The disappearing polymorph of HIV drug ritonavir can now be recovered from its more stable nuisance form by a 15 minute ball milling procedure. Careful control of the milling conditions enabled researchers to manipulate the size and shape of ritonavir crystals to drive formation of the desired polymorph with complete selectivity. The method appears to solve a problem that caused chaos for drug manufacturer Abbott Laboratories in the late 1990s.

Polymorphism – the formation of multiple crystal forms for a single compound – is a huge challenge for the pharmaceutical industry. Different crystal structures exhibit different physical properties, which impacts the safety and efficacy of drugs. This makes controlling the crystal form vital.

‘Normally what crystallises first is what crystallises most easily – ie kinetically,’ explains Jeremy Sanders, a supramolecular chemist at the University of Cambridge, UK. ‘But that’s not necessarily the most stable form thermodynamically.’

This battle between kinetic and thermodynamic control gives rise to the phenomenon of disappearing polymorphs. If conditions spontaneously favour the formation of a thermodynamically more stable form, all the crystals will convert to the new structure and it becomes almost impossible to access the original kinetic product.

The 1990s ritonavir crisis that hit Abbott Laboratories (now AbbVie) is one of the most high-profile examples of this effect. ‘They formulated the drug on the knowledge of only one of the polymorphic forms, RVR-I,’ explains Aurora Cruz-Cabeza, a nucleation chemist at the University of Durham, UK. ‘Then a new polymorph appeared and completely contaminated everything – all the RVR-I converted into RVR-II and they couldn’t go back.’ Ultimately Abbott had to withdraw the drug from the market and reformulate at an estimated cost of $250 million (£200 million).

Now, Cruz-Cabeza’s team has shown that grinding processes like ball milling, which can induce changes in polymorphs, can reverse the disappearance of RVR-I. ‘When you grow crystals from solution, they’re in the order of at least micrometres in size so the bulk is going to dictate the thermodynamic stability,’ she says. ‘When you’re milling, you’re working with steady-state sizes in the order of nanometres, so the surface plays a huge role.’

Scheme

Source: © Pietro Sacchi et al

Interconversion between ritonavir’s polymorphs is driven by the orientation of the drug’s carbamate bond

By moderating the grinding conditions (including time, solvent, and concentration), Cruz-Cabeza’s team controlled the size and shape of the crystals generated by the milling process, enabling them to switch between bulk-driven stability and surface-driven stability.

This interconversion is partly driven by the conformation of ritonavir’s carbamate bond. ‘The kinetic form (RVR-I) has its carbamate bond in the thermodynamically most stable trans conformation and crystallises easily from solution,’ says Sanders. ‘The cis conformation is thermodynamically less stable in individual molecules but turns out to make a more stable crystal – the thermodynamic form RVR-II.’

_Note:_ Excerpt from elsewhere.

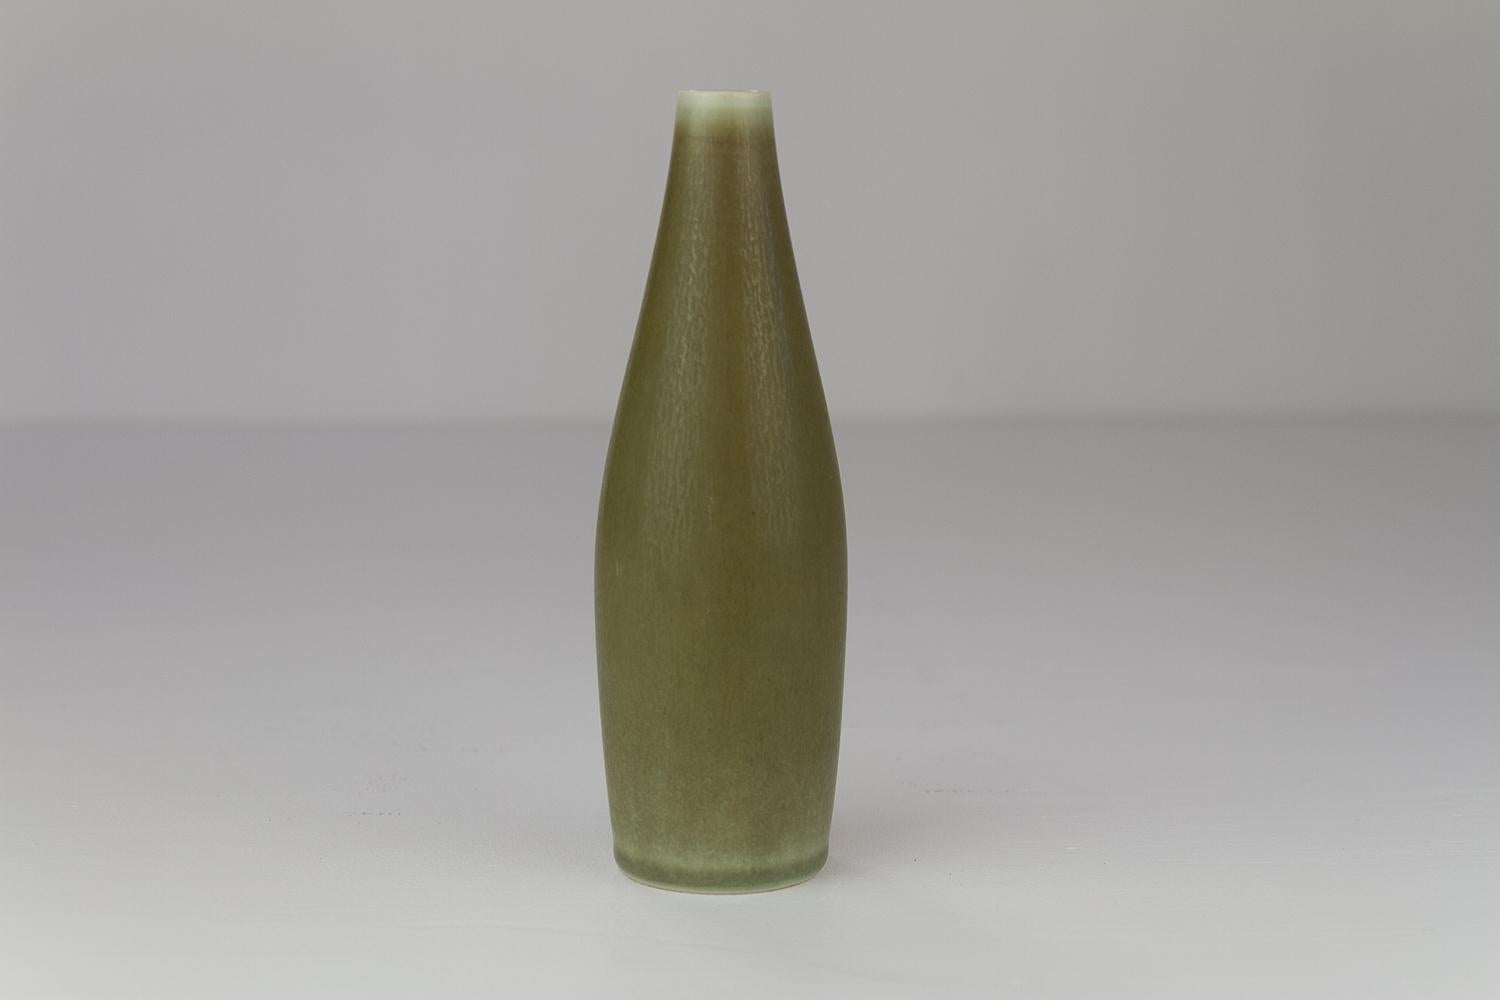 Danish Modern Ceramic Vase by Per Linnemann-Schmidt for Palshus, 1960s. For Sale 2

The bulk stability of large crystals favours RVR-II. Conversely, RVR-I forms preferentially where the individual molecular interactions at the surface of small crystals dominate the stability. Crystal shape also influences this surface energy and supporting computations by Cruz-Cabeza’s team showed that the energy overlap required for the interconversion only exists for needle-type crystals.

‘It’s a very rigorous piece of work. This theoretical approach, looking not just at the size or individual surfaces, but also the shape of the particles is quite innovative,’ says Linda Seton, a pharmaceutical chemist at Liverpool John Moores University, UK. ‘It would be interesting to see if this could be replicated for other systems. Milling could be used to search for new polymorphs and to enhance polymorph screening at an early stage.’

‘We’re really excited by these findings and this establishes that mechanochemistry is a unique tool for the discovery, recovery, and control of different polymorphic forms,’ says Cruz-Cabeza. ‘We’d like to understand the amorphous third phase, which must play a key role in facilitating the conformational conversion and linking this to computational methods to predict crystal structures is the next step.’